Chris Bodnar, an agriculture professor at the University of the Fraser Valley, said the staffing cuts would result in challenges for anyone who is waiting for a permit decision.

“If there’s reduced capacity to either process applications or to enforce non-compliances in the Agricultural Land Reserve, then it erodes our farm base, like our land base dedicated to agriculture,” he argued.

“The biggest fear is that an agency like this will end up imploding upon itself, because there’s no capacity to do the work that it’s been mandated to do,” he added.

A white man with balding white hair is seen in profile.
Delta South Conservative MLA Ian Paton, who is a longtime farmer, said that farmers in the province already faced challenges with permitting due to short-staffing at the ALC. (Mike McArthur/CBC)

Ian Paton, the Conservative critic for agriculture and a dairy farmer himself, said the ALC’s staffing cuts don’t come as a surprise given the provincial budget deficit and cuts to the public sector.

“This is a terrible end for what’s happening with farming in B.C.” he said of the job cuts.

Mayor argues there’s duplication

Central Saanich Mayor Ryan Windsor, who grows grapes in his Vancouver Island community that is full of protected ALR land, argues that there was occasionally a duplication of duties between municipalities and the ALC.

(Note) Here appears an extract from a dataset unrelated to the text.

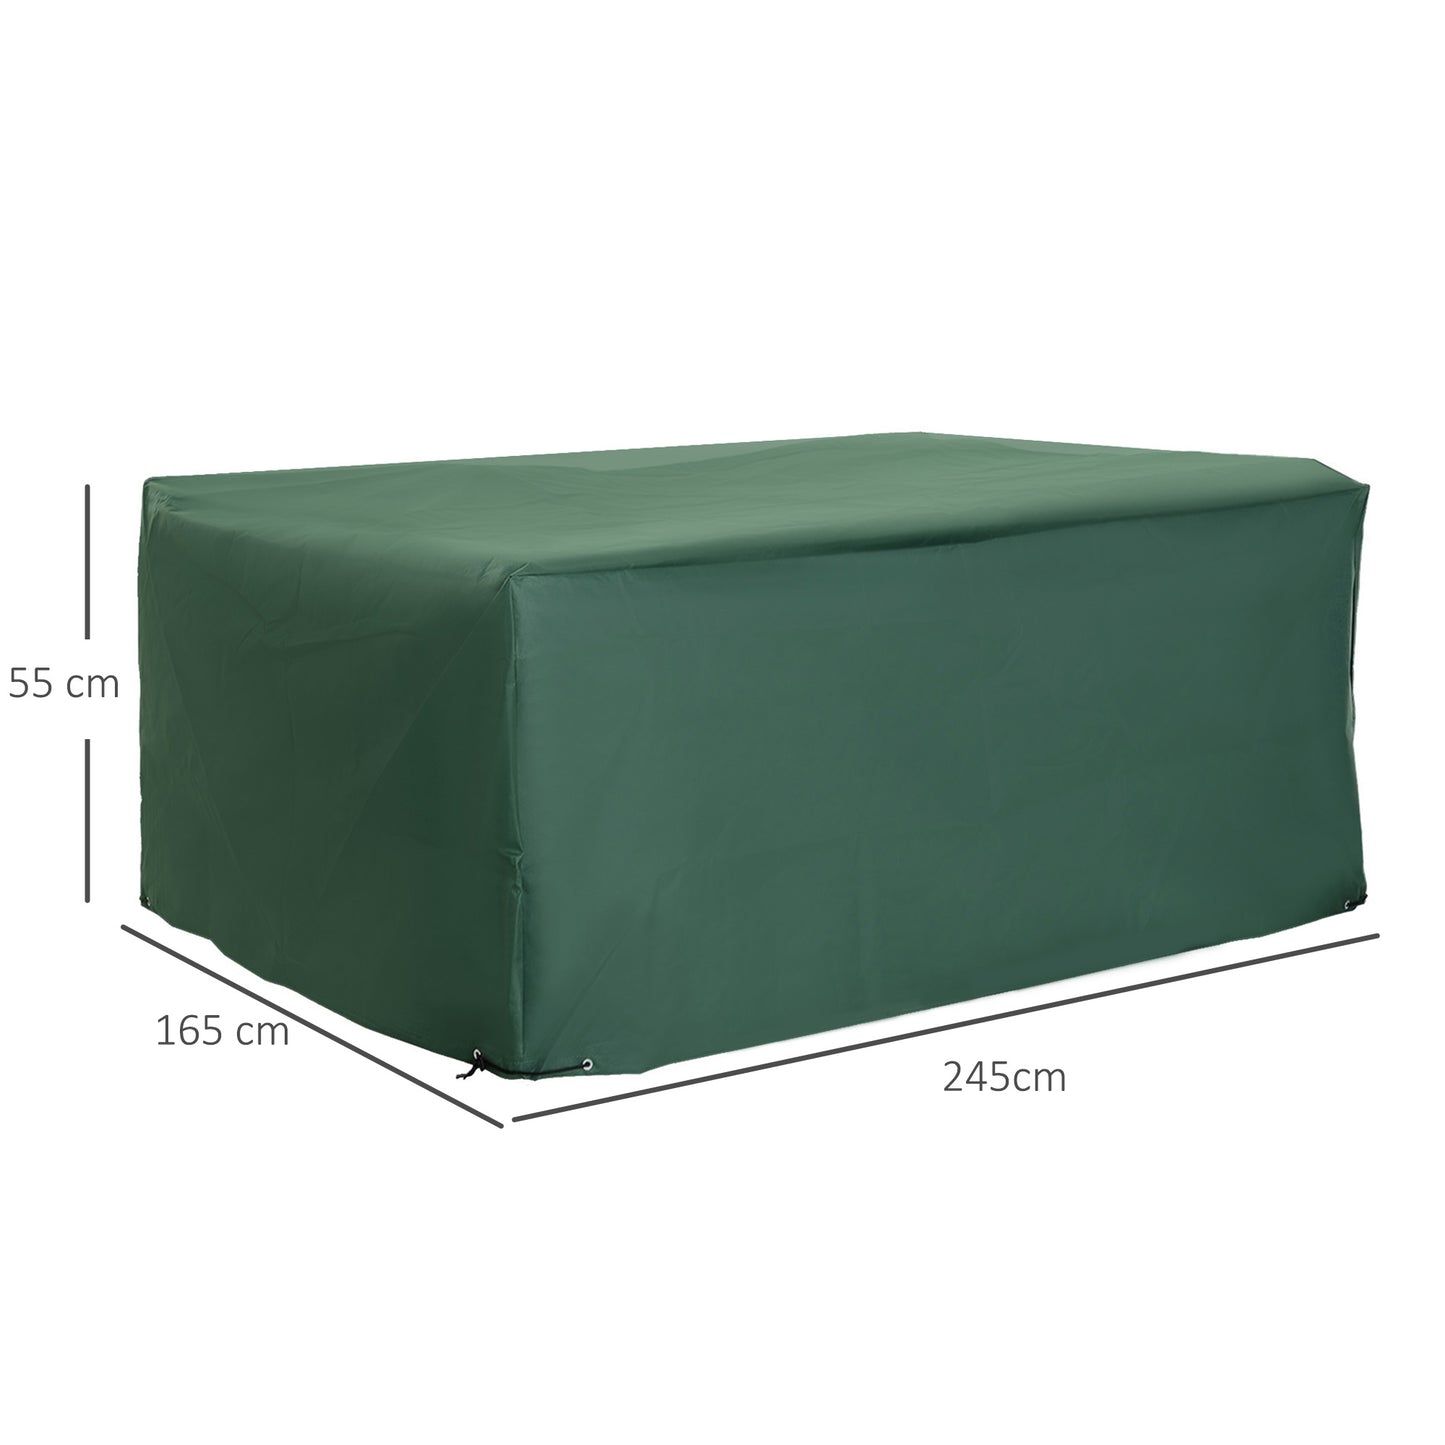 Outsunny Funda para Muebles de Jardín 245x165x55 cm Cubierta de Protección de Exterior con Ojales de Aluminio y Tela Oxford Impermeable para Terraza Patio Balcón Verde

He said the commission is still vital in its role enforcing provincial standards and cracking down on illegal dumping, for instance, but that it doesn’t need to get into the “nitty-gritty” of applications that a municipality could review.

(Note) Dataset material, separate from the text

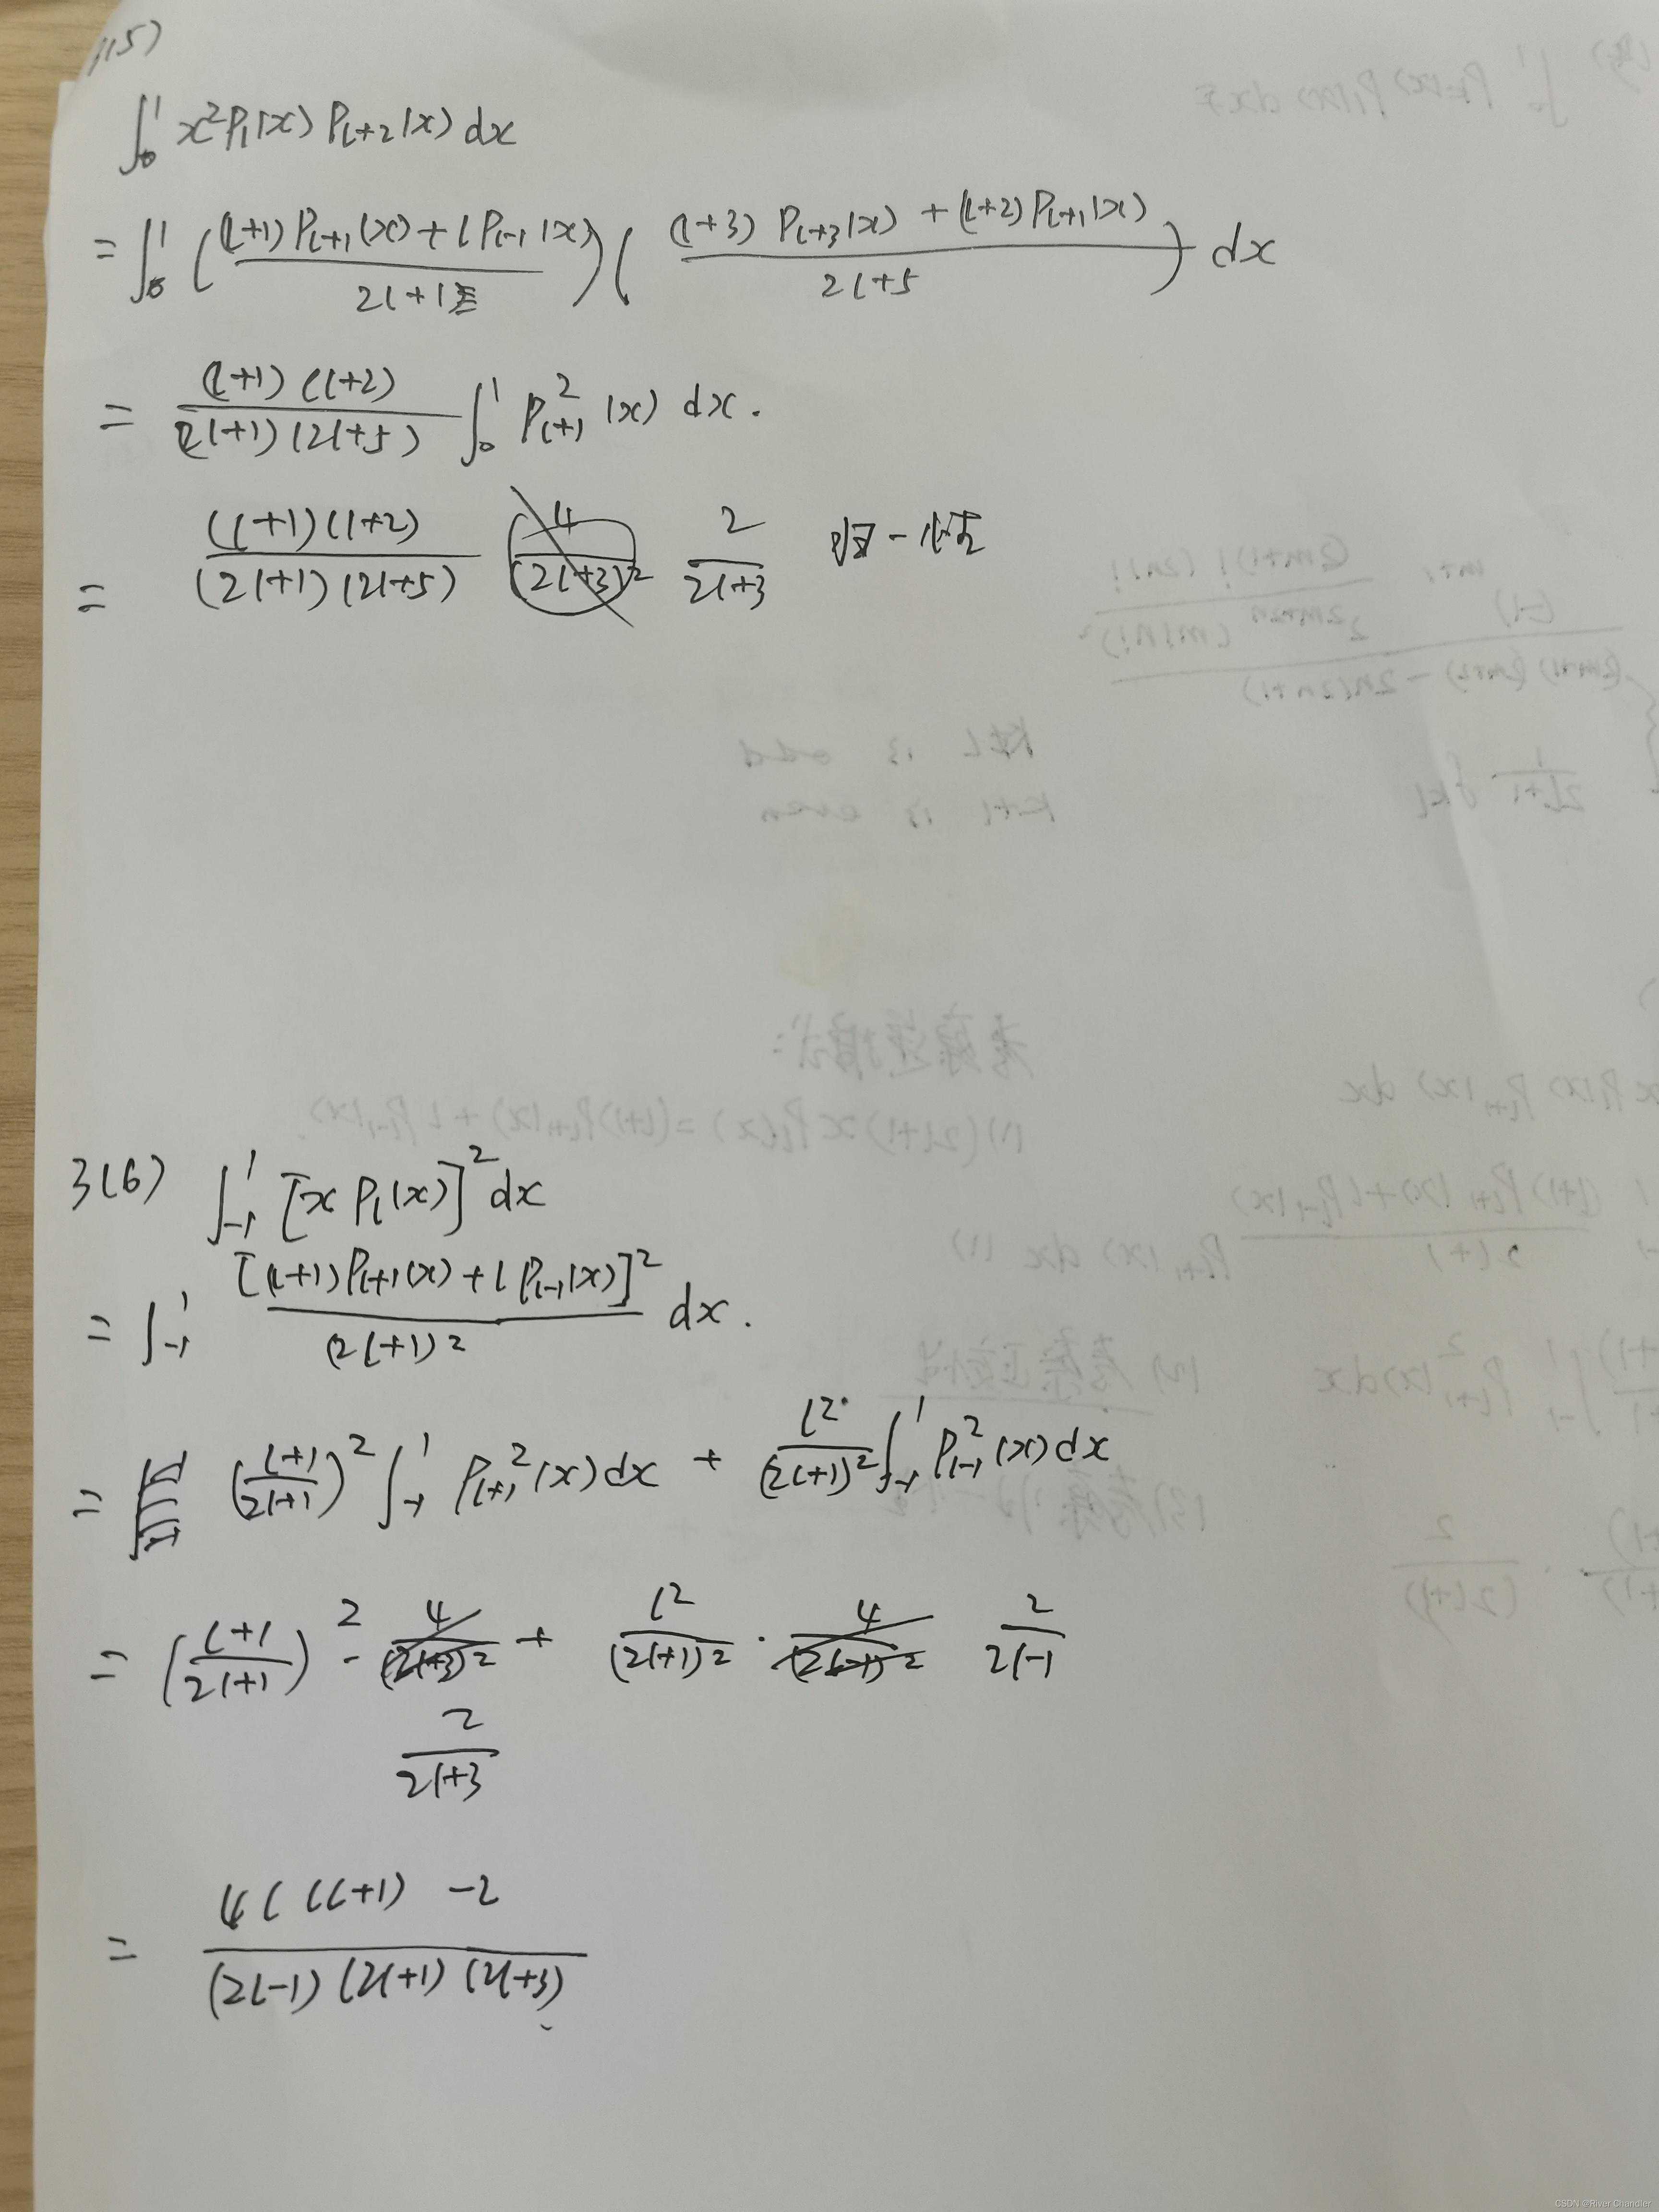 数学物理方法第三版吴崇试pdf_数学物理方程第三版答案谷超豪

“I look at accessory dwelling units, and how those new forms of small residential housing on farmland are being adjudicated both by municipalities and the ALC, and where that may be creating duplication or friction,” Windsor said.

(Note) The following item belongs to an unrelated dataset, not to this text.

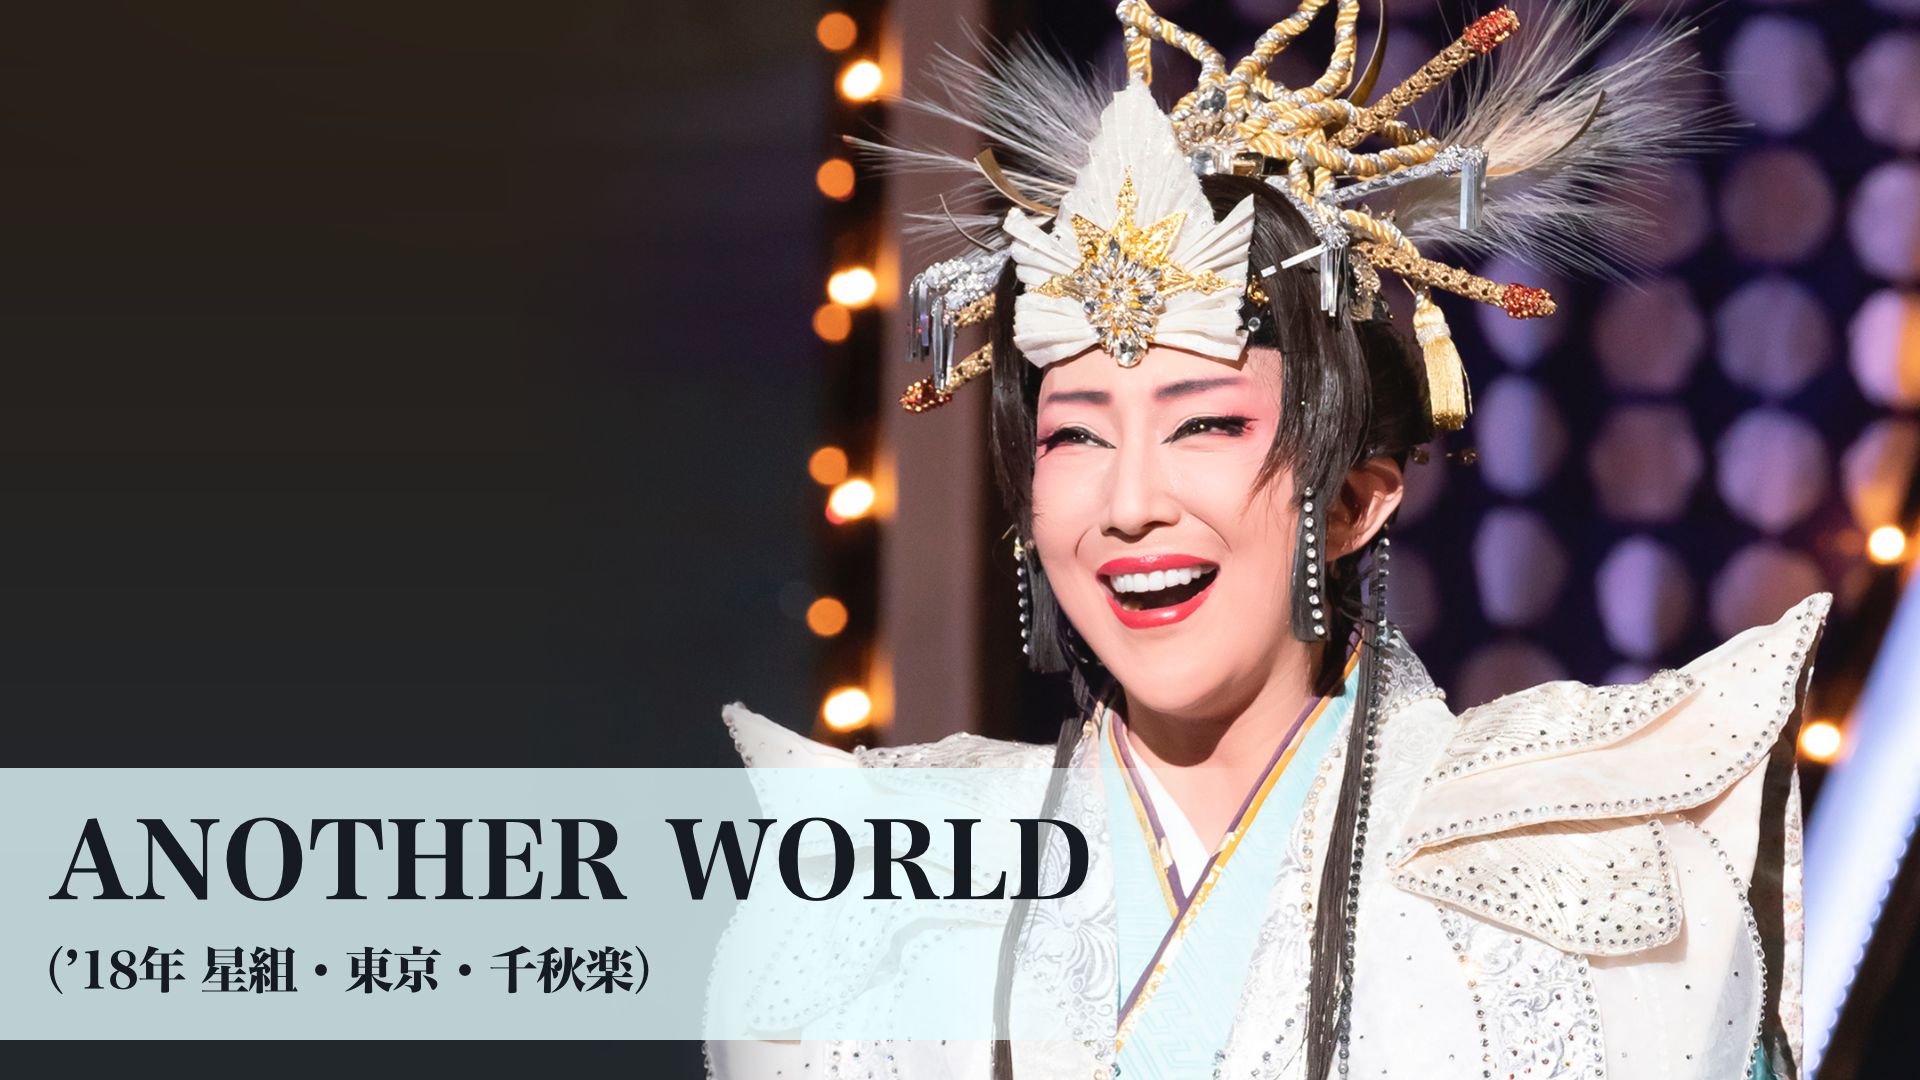 宝塚歌劇 ANOTHER WORLD(’18年星組・東京・千秋楽)

A man wearing a checked shirt is seen on a sloped bit of farmland.
Central Saanich Mayor Ryan Windsor argues the ALC could save money by leaving some permitting to local governments. (Mike McArthur/CBC)

Agriculture Minister Lana Popham said in a statement that compliance and enforcement staffing would not be changing at the ALC.

“It’s my expectation as minister that the ALC continues to carry out its important role and remains firmly committed to supporting B.C.’s farmers, food security, and food economy,” she said.